Open Xchange Appsuite Backend by Open Xchange
Open Xchange Appsuite Backend by Open Xchange
⚠️ Risk & Real-World Impact
Worst Case
Full system compromise through remote code execution, allowing attackers to install malware, exfiltrate data, or pivot to other systems.
Likely Case
Privilege escalation and lateral movement within the network by authenticated attackers who gain access to the application server.
If Mitigated
Limited impact if network segmentation restricts access to the API endpoint and proper input validation is implemented.
🎯 Exploit Status
Exploitation requires understanding of Java deserialization attacks and access to the local network.
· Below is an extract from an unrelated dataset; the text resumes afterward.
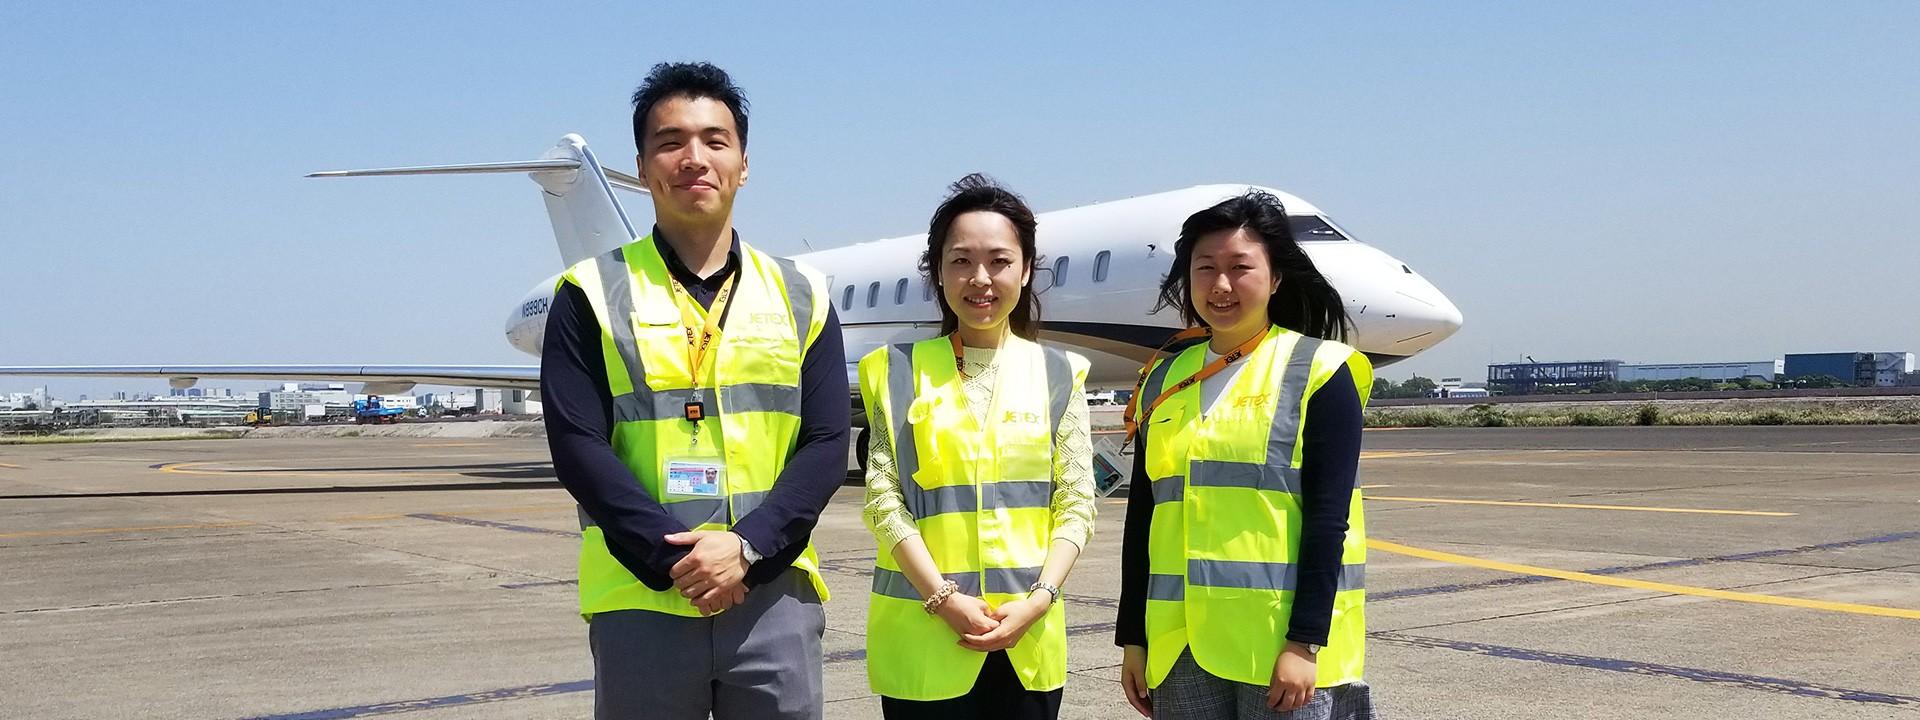 Jetex Osaka Japan
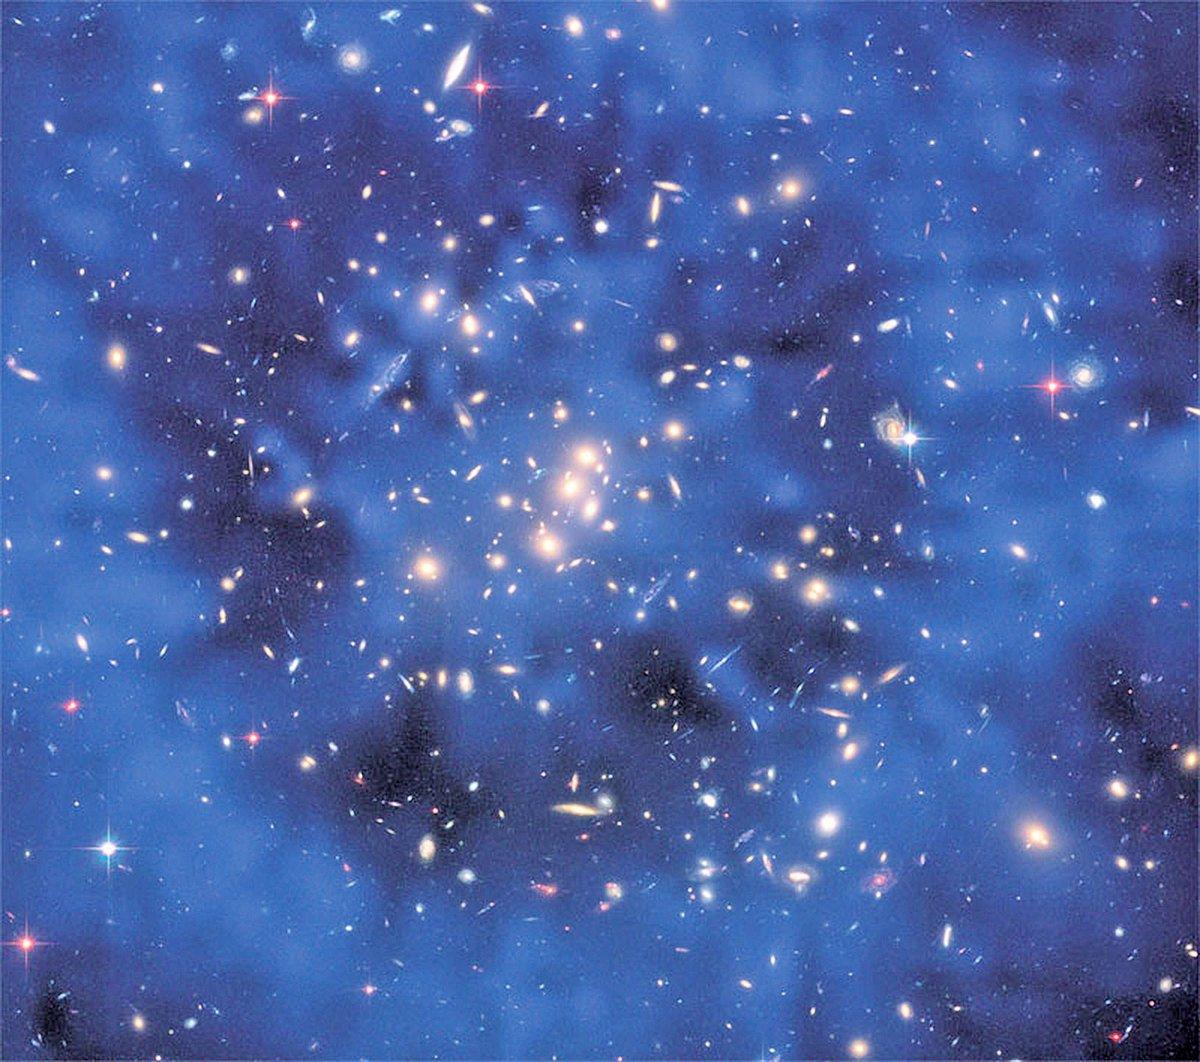 從引力透鏡產生的效應,星系團CL0024+17內部被發現存在有一個暗物質圈,在這張哈伯太空望遠鏡相片裏以藍色顯示出來。(NASA)

No public exploits are known.
🛠️ Fix & Mitigation
✅ Official Fix
Patch Version: 7.10.6 rev 6219
Vendor Advisory: https://documentation.open-xchange.com/appsuite/security/advisories/csaf/2023/oxas-adv-2023-0002.json
Restart Required: Yes
Instructions:
1. Update OX App Suite to version 7.10.6 rev 6219 or later. 2. Apply the patch that introduces proper class validation during deserialization. 3. Restart the application server.
🔧 Temporary Workarounds
Network Access Restriction
linuxImplement strict network controls to limit access to the documentconverterws API endpoint to only trusted systems.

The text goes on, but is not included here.